As weeks of protest against police misconduct have raised questions about how best to increase accountability, the U.S. Supreme Court Monday chose not to review the qualified immunity doctrine, one of the foremost protections law enforcement officers have from punishment for misconduct.


The decision comes as a blow to these efforts but was not necessarily surprising, St. Edward's criminal justice professor Carsten Andresen said.

"The Supreme Court is very nervous about weighing in on anything that can have implications for how the police do their job," Andresen said. "I do think in the future, though, that this is going to be up for review. Lawyers are held responsible for the work they do, physicians are held responsible for the work they do … the legal community is going to start raising questions."

Qualified immunity defends government officials from being personally held liable for constitutional violations so long as they have not "violate[d] clearly established statutory or constitutional rights of which a reasonable person would have known." As a result, police officers are often shielded from being sued, even in cases of excessive force, and a lack of cases overcoming this standard has made new lawsuits hard to win.

Questions about how to address the misconduct of police officers has been a topic of conversation around the country following the death of George Floyd at the hands of an officer in Minneapolis. Just over a month before Floyd's death, an Austin officer fatally shot Michael Ramos as he attempted to flee in his car. Ramos' case spurred a similar push in Austin.

Without qualified immunity for police officers, or at least a lower bar for overcoming it, Ramos' family might be able to sue the officer that shot him, Christopher Taylor, for damages, Andresen said.

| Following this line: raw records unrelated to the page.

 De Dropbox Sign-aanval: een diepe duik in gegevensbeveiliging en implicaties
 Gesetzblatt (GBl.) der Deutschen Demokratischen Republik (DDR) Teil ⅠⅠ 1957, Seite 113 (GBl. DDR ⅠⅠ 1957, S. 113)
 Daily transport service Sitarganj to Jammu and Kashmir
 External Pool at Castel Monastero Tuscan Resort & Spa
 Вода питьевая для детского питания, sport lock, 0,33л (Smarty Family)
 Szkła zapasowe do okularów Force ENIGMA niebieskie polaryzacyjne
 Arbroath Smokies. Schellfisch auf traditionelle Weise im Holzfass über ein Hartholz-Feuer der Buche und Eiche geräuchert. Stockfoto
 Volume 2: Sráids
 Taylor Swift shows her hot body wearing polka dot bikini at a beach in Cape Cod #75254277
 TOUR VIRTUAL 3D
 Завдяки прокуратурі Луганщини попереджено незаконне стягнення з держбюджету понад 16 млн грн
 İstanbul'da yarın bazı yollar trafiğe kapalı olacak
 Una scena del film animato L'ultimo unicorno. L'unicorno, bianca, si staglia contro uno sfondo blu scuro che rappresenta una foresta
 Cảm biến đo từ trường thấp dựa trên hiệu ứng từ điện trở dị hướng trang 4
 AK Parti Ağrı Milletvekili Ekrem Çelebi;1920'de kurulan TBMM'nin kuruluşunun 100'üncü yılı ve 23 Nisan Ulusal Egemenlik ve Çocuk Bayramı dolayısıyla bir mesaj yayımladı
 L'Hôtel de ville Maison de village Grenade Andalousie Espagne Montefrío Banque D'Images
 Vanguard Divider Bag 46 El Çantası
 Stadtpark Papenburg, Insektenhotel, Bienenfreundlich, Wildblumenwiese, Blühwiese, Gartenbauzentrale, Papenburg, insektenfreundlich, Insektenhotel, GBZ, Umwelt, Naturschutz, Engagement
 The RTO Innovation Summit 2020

Hesitancy by the Supreme Court to take up qualified immunity, or any case that could interfere with the ability of law enforcement to do its job, will likely continue for a while, Andresen said. For the court to take up any major changes to law enforcement, Andresen said it would likely take a very compelling case, and even then it could be 10 years from when the case begins before the court makes a decision.

However, the recent ubiquity of videos capturing law enforcement misconduct could potentially speed things up or affect how the court makes its decision, Andresen said.

"I'm a criminal justice researcher. I've always known that there are these problems, but knowing these problems (exist) and then seeing an actual video, it's so much worse in some cases than I might have imagined."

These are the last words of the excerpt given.